Sobredosagem e resposta em caso de emergência

Sobredosagem e Quando Procurar Ajuda

O perfil oficial para a sobredosagem de Arista (Tadalafil) estabelece que o quadro clínico consiste, principalmente, num aumento da incidência e gravidade dos efeitos adversos já conhecidos, tais como a descida da pressão arterial (hipotensão), cefaleias (dores de cabeça), rubor e mialgia (dores musculares).

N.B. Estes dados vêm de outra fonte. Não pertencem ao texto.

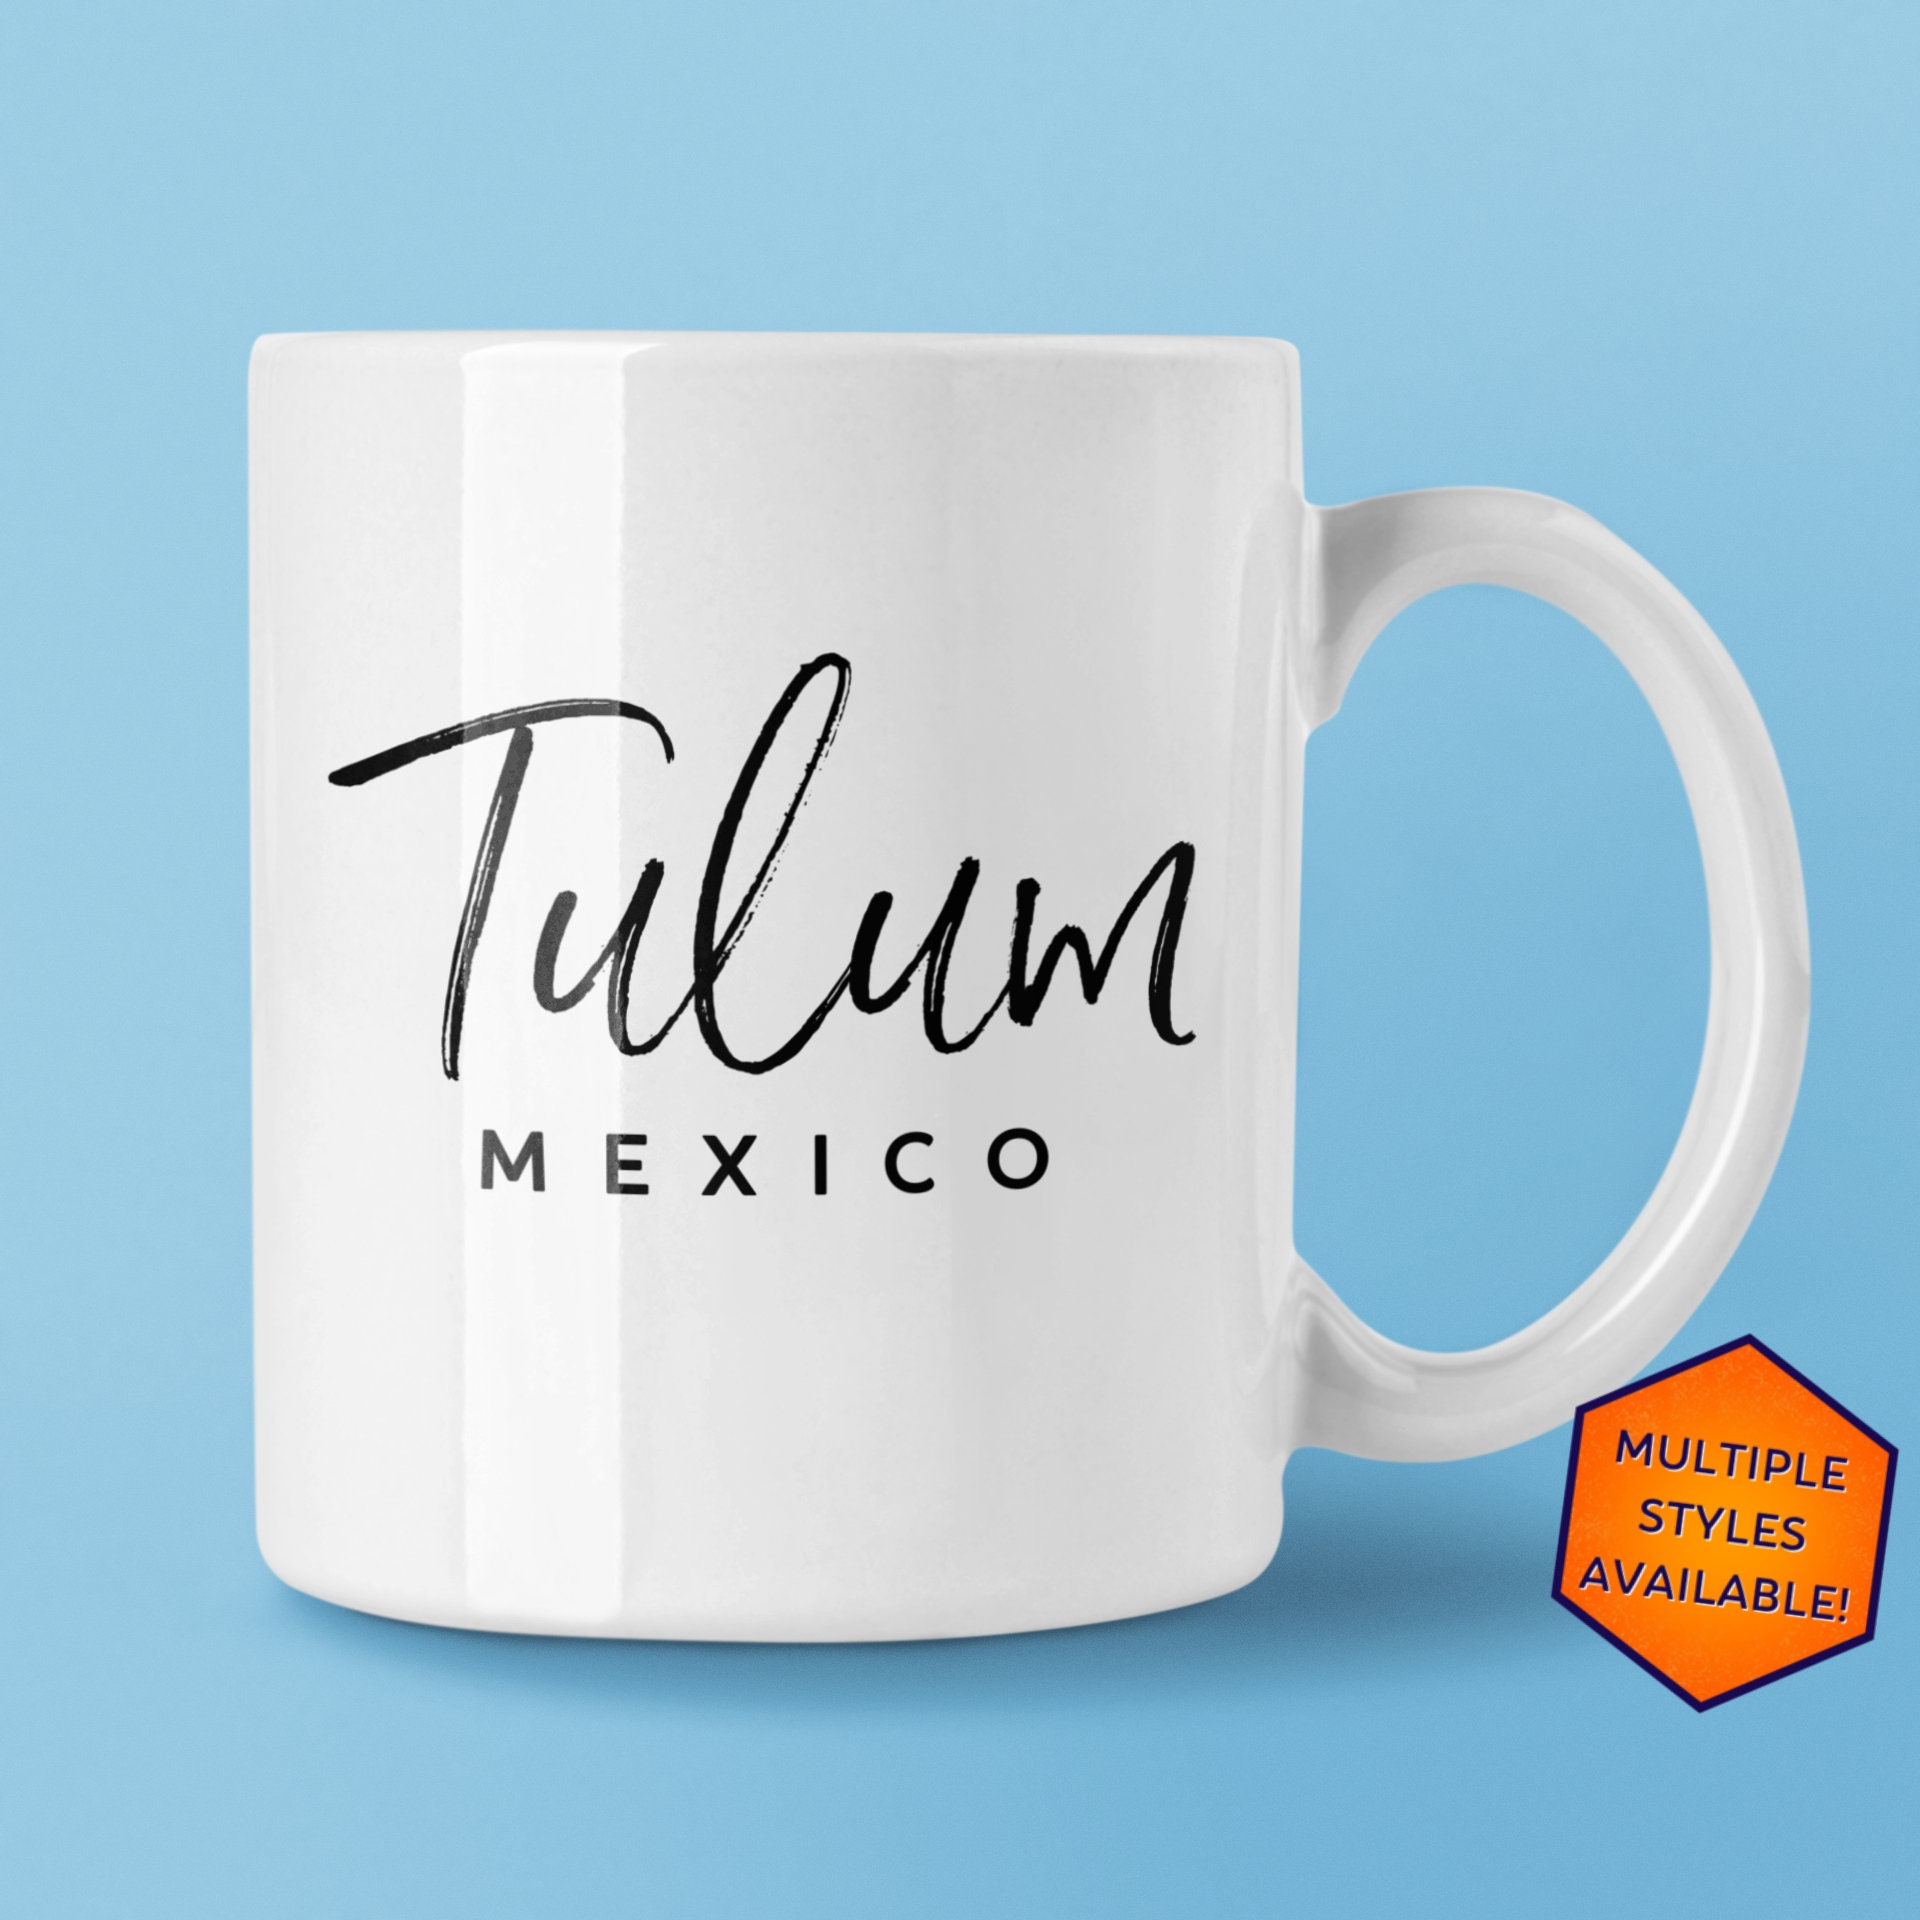 Tulum Coffee Cups, Unique Tulum Memorabilia, FREE SHIPPING, Tulum Mexico,  Great Tulum Gift, Cool Tulum Keepsake, Good Tulum Souvenir, Mexico

É necessária assistência médica imediata perante eventos graves específicos documentados nas informações do medicamento:

Manifestação Grave Ação Recomendada
Ereção com duração superior a quatro horas (Priapismo) Procurar assistência médica imediata
Perda súbita de visão ou audição Consultar um médico imediatamente

A gestão de uma sobredosagem de Tadalafil baseia-se inteiramente em medidas de suporte e sintomáticas padrão, uma vez que, oficialmente, não se conhece um antídoto específico para o fármaco. Observa-se igualmente que a hemodiálise contribui de forma negligenciável para a remoção do medicamento da corrente sanguínea.

O risco de sobredosagem é mais elevado em certas populações devido a dificuldades na eliminação do fármaco. A utilização de Tadalafil não é recomendada em doentes com insuficiência renal grave ou insuficiência hepática grave (Child-Pugh Classe C), dada a existência de um aumento significativo da exposição sistémica nestes grupos.

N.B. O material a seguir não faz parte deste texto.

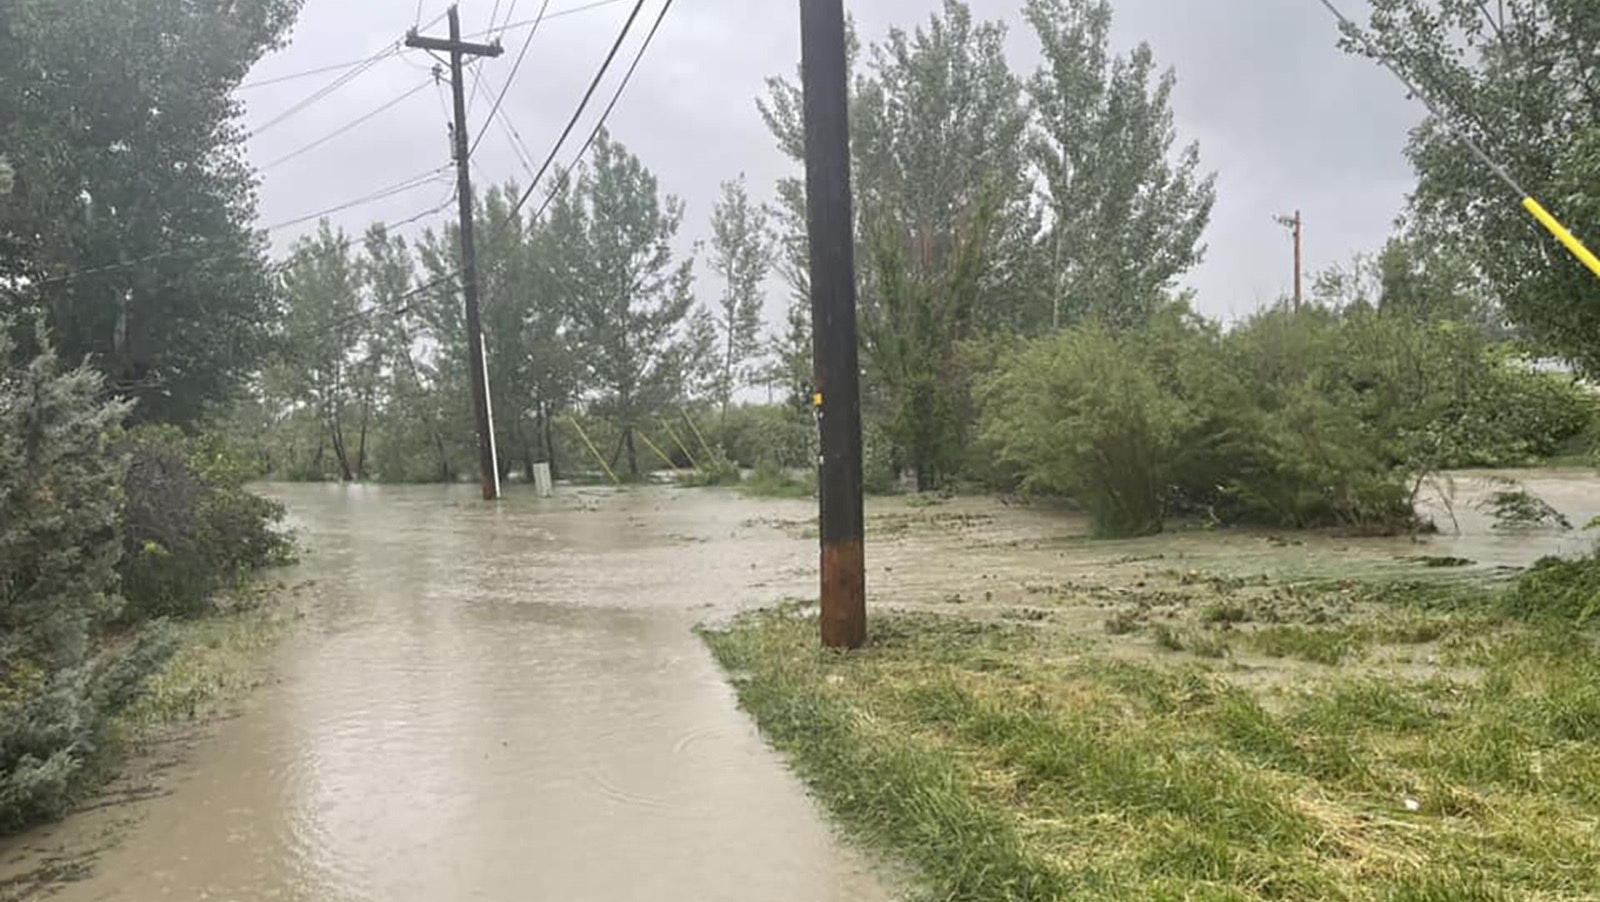 Flooding near Garden Creek in Casper on Thursday.

Usos terapêuticos de Arista

O Arista é frequentemente utilizado para auxiliar no alívio de certos sintomas angustiantes em três domínios clínicos distintos, nos quais a gestão sintomática de suporte é considerada adequada. O medicamento é habitualmente empregue para ajudar com sintomas associados à Disfunção Erétil (DE), aos Sintomas do Trato Urinário Inferior (STUI) associados à Hiperplasia Benigna da Próstata (HBP), e a certas manifestações de Hipertensão Arterial Pulmonar (HAP).

Visão Geral dos Domínios Terapêuticos

O medicamento pode ser aplicado em áreas onde a gestão de suporte dos sintomas é apropriada. No caso dos homens, o Arista pode auxiliar na gestão de sintomas relacionados com o comprometimento da rigidez peniana, o que apoia o bem-estar geral durante as fases sintomáticas e contribui para atenuar a carga global dos sintomas. Quando utilizado para a HBP, aborda grupos de sintomas que interferem com o conforto diário, tais como a noctúria e o fluxo urinário fraco. No contexto da HAP, é aplicado durante as fases em que os sintomas se tornam mais percetíveis, como a falta de ar durante o esforço. O uso terapêutico está associado ao alívio sintomático em domínios-chave.

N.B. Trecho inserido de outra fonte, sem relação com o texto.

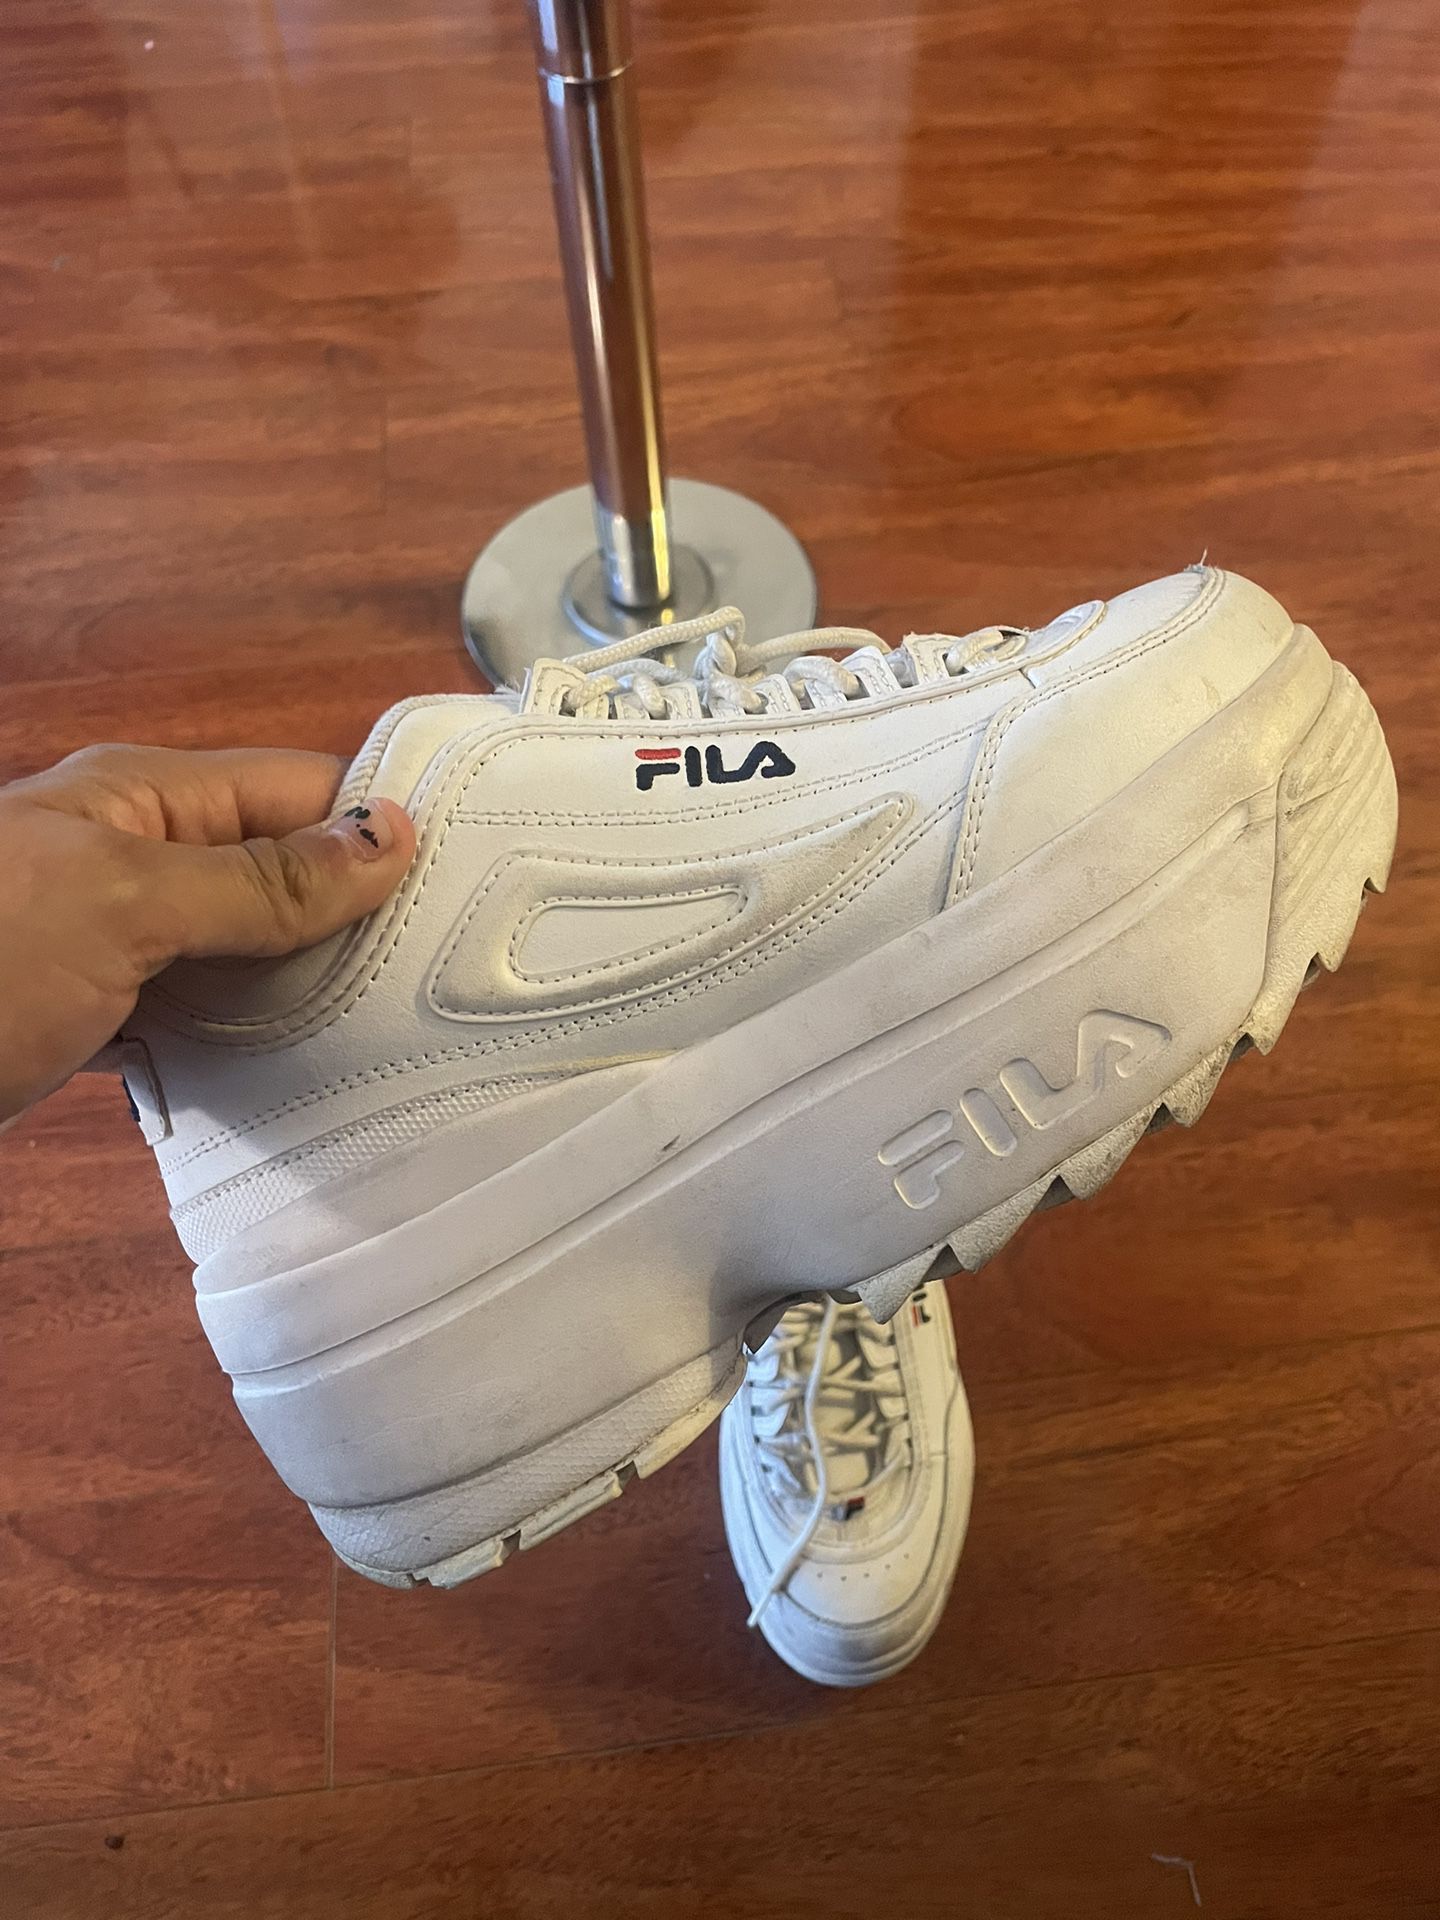 Fila Disruptor II Wedge Sneakers - 8.5

Facto Rápido: Gestão de Sintomas

O Arista é comummente utilizado para ajudar a gerir o sintoma de noctúria (acordar para urinar) associado à HBP, e pode auxiliar os homens na manutenção da rigidez peniana necessária para a atividade sexual. Isto contribui para um melhor conforto no dia-a-dia durante os períodos sintomáticos.

Critérios de utilização e restrições

Mapa de Elegibilidade: Quem Pode e Quem Não Pode Utilizar o Arista — Informação Oficial

O perfil de elegibilidade para o Arista (Tadalafil) é definido através de critérios específicos de inclusão, restrição e exclusão absoluta para diferentes populações de doentes, baseados em diretrizes de segurança clínica.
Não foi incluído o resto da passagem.